It was more than a “bissel.” In “My American Journey,” Powell — called “Collie” by Sickser — relates that he had picked up enough Yiddish so that when couples were speaking to each other on the store’s second floor about how much they might be willing to spend on a stroller or crib, he understood. But he didn’t always let on.
“This schwarz knabe what did he understand?” Powell wrote, using the Yiddish phrase for “Black boy,” a term now considered pejorative.”I’d excuse myself and report to Mr. S., who would come up, armed with my intelligence, and close the deal.”
In 1992, Powell recalled, at a Hanukkah dinner at Yeshiva University, that Sickser’s would give him a playful ”gezunten keppel”, a “healthy head,” and mimed a slap.
“To keep me straight,” Powell explained.
Powell wasn’t planning to make a career at Sickser’s, but Jay Sickser was worried that the young man who had worked for him for so many years might be too attached to the store. He called Powell over one day, and told him that with children and a son-in-law, the business would be theirs one day, and so Powell should get a good education to secure his future.
Powell was touched.
“He evidently thought that I had worked out well enough to deserve to be brought into the firm, which I had never considered,” Powell wrote. “I took it as a compliment.”
Binding ties
Powell was 11 when Israel was founded.
In Hunts Point, there was “joy throughout the neighborhood,” the day David Ben-Gurion declared Israel’s independence in 1948, Powell recalled in a speech to the World Jewish Congress in 2017.
“Tears flowed, celebrations everywhere, it wasn’t just the Jews who were celebrating, the rest of us were celebrating for the Jews.
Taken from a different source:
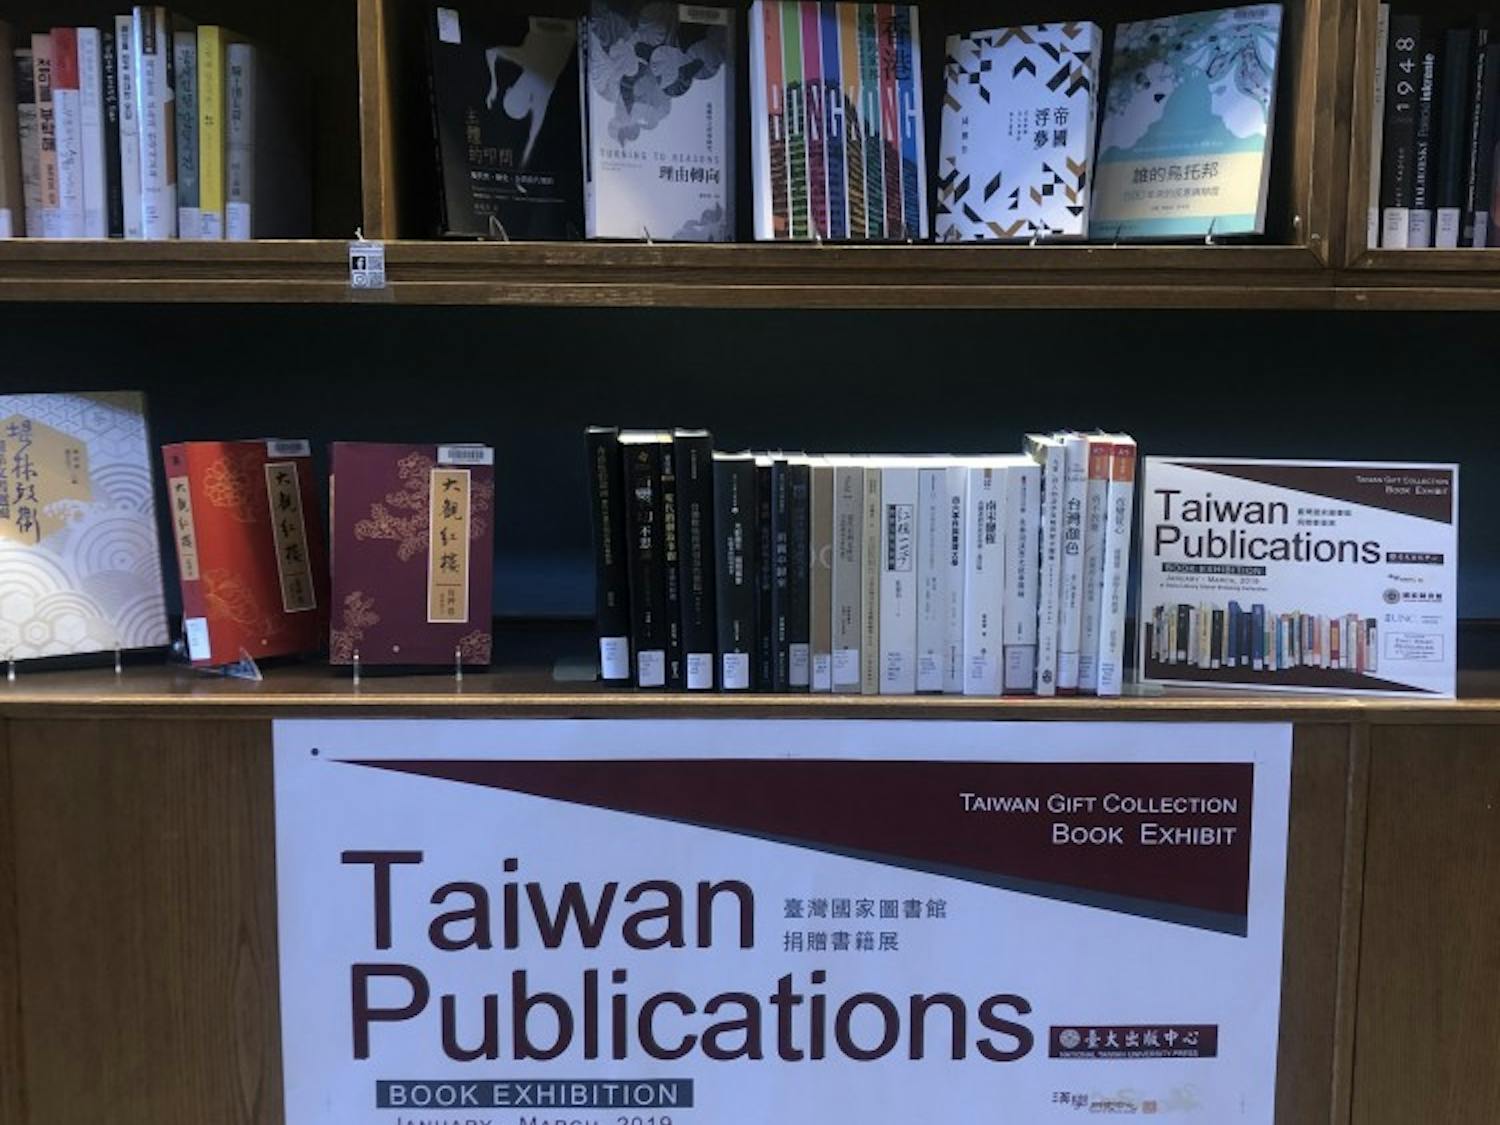 Pictured is the Taiwanese Publications Exhibit display in Davis Library on UNC's campus.&nbsp;
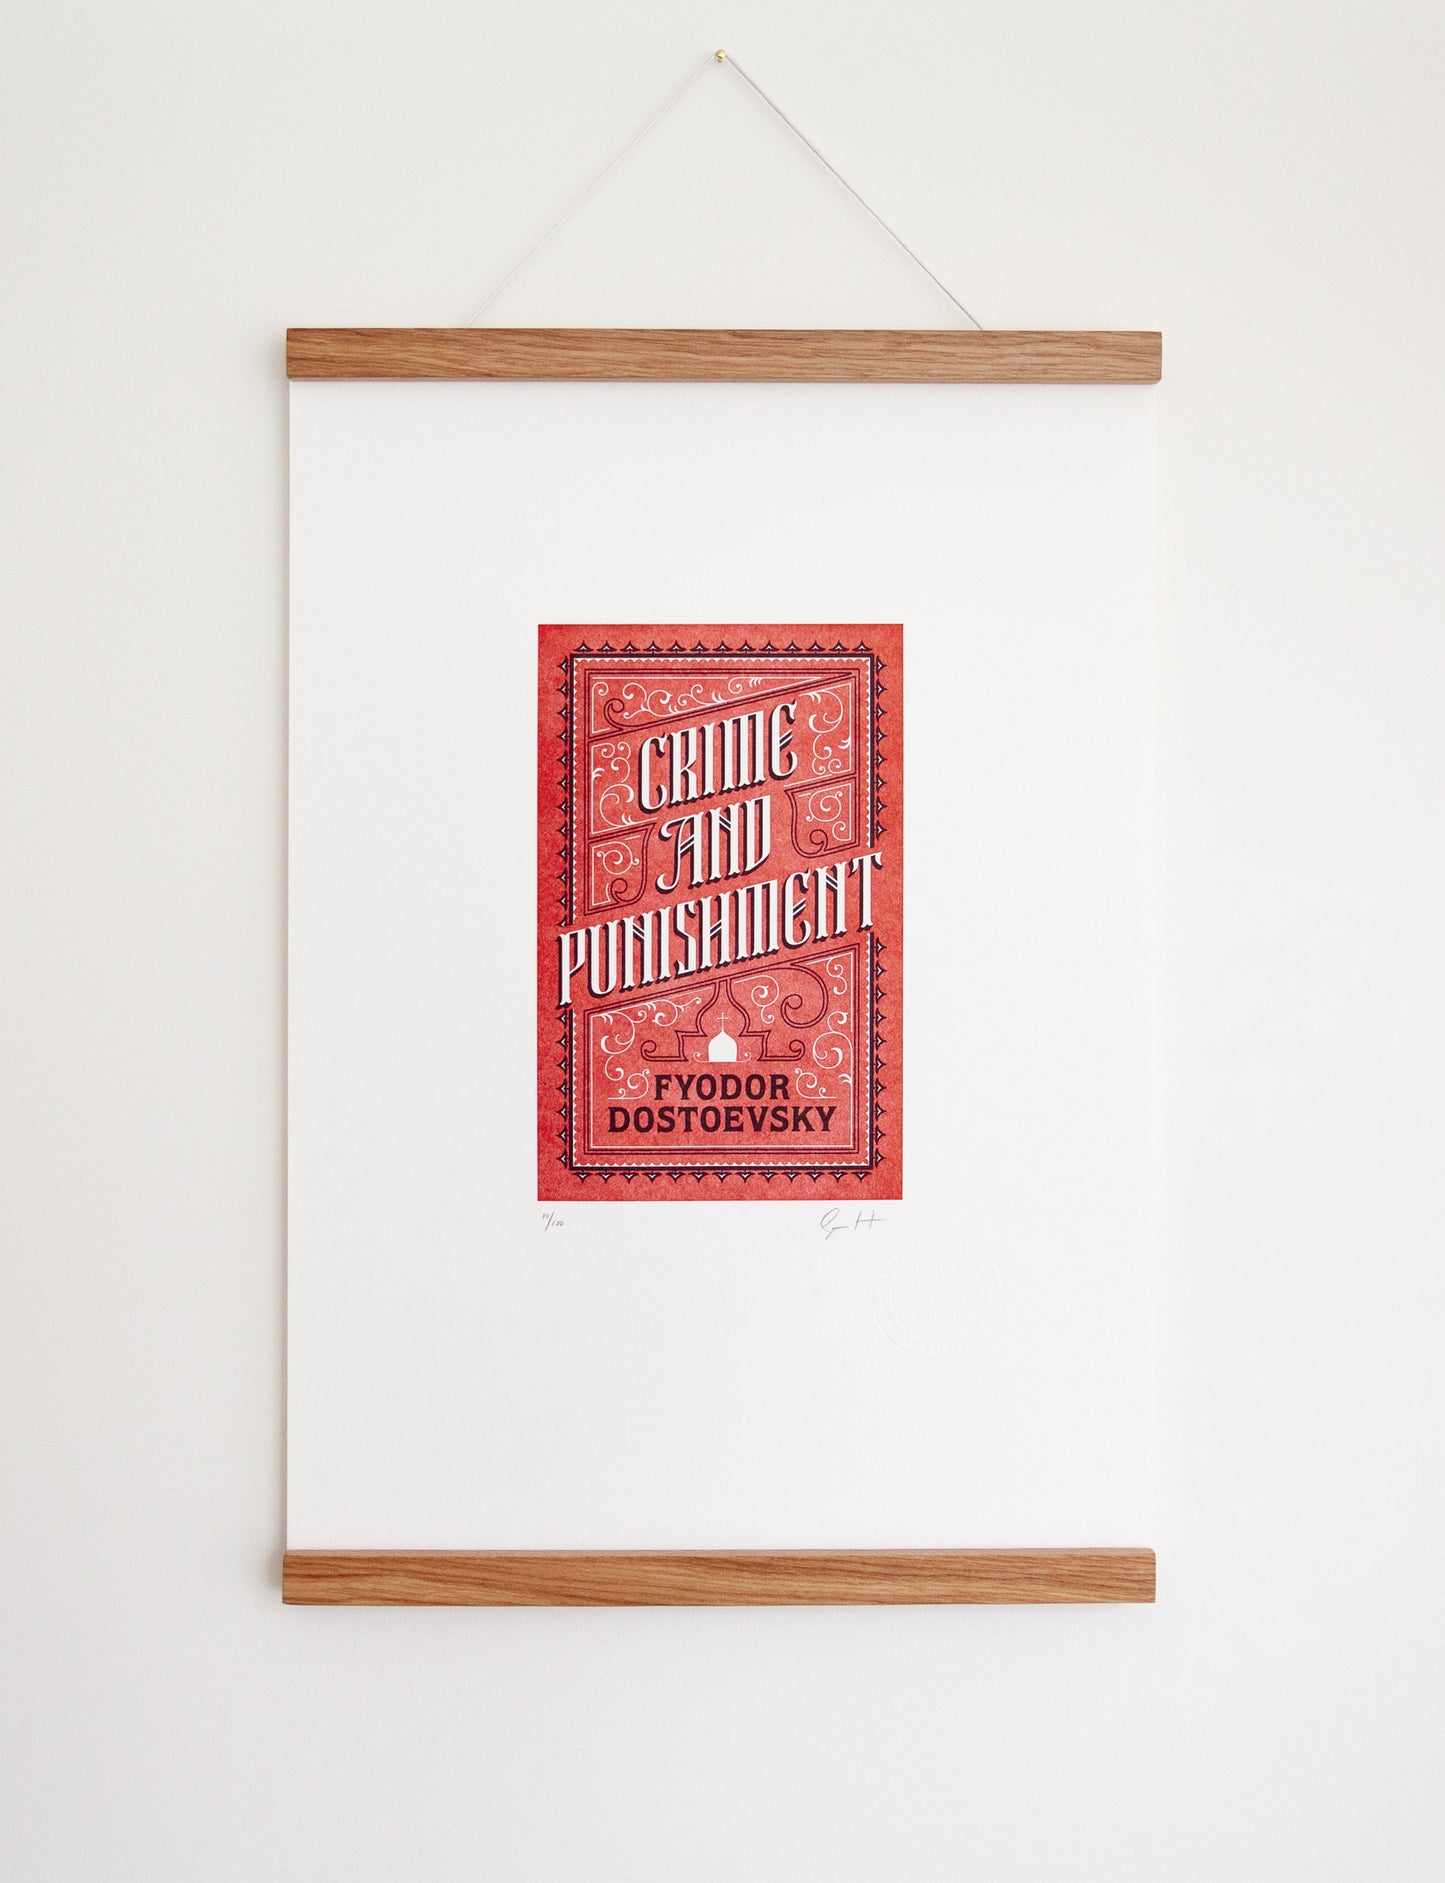 Framed 2-color letterpress print in red and black. Printed artwork is an illustrated book cover of Crime and Punishment including custom hand lettering.

We all shared in their joy, the joy of having a homeland,” Powell said.
As a diplomat, Powell was considered a staunch ally of the Jewish state. He didn’t always see eye to eye with Israeli leaders, and critiqued, for example, Prime Minister Ariel Sharon’s actions during the Second Intifada.
But he conveyed a deep concern for Israel’s security, and was instrumental in convincing Sharon by 2003 to endorse a road map to peace that included Palestinian statehood. “Colin Powell may not be Jewish, but he has a Jewish soul,” said Ronald S. Lauder, president of the World Jewish Congress, presenting the Theodor Herzl Award to Powell in 2017 and calling him a “lifelong friend of the Jewish people.”
But Powell’s reputation for standing by the Jewish community went beyond his diplomacy with Israel. He recalls, in “My American Journey,” how he was slated to deliver the 1994 commencement address at historically Black Howard University, just days after speakers on campus connected to the Nation of Islam had publicly denounced Jews — to applause.
Powell decided to address the issue head on, and told the graduates: “African-Americans have come too far and we have too far yet to go to take a detour into the swamp of hatred.”
“My Howard speech received unusually wide media coverage,” he later wrote, “not because I was more eloquent than other commencement speakers that spring, but because my denouncing race hatred from any quarter was an apparently welcome message.”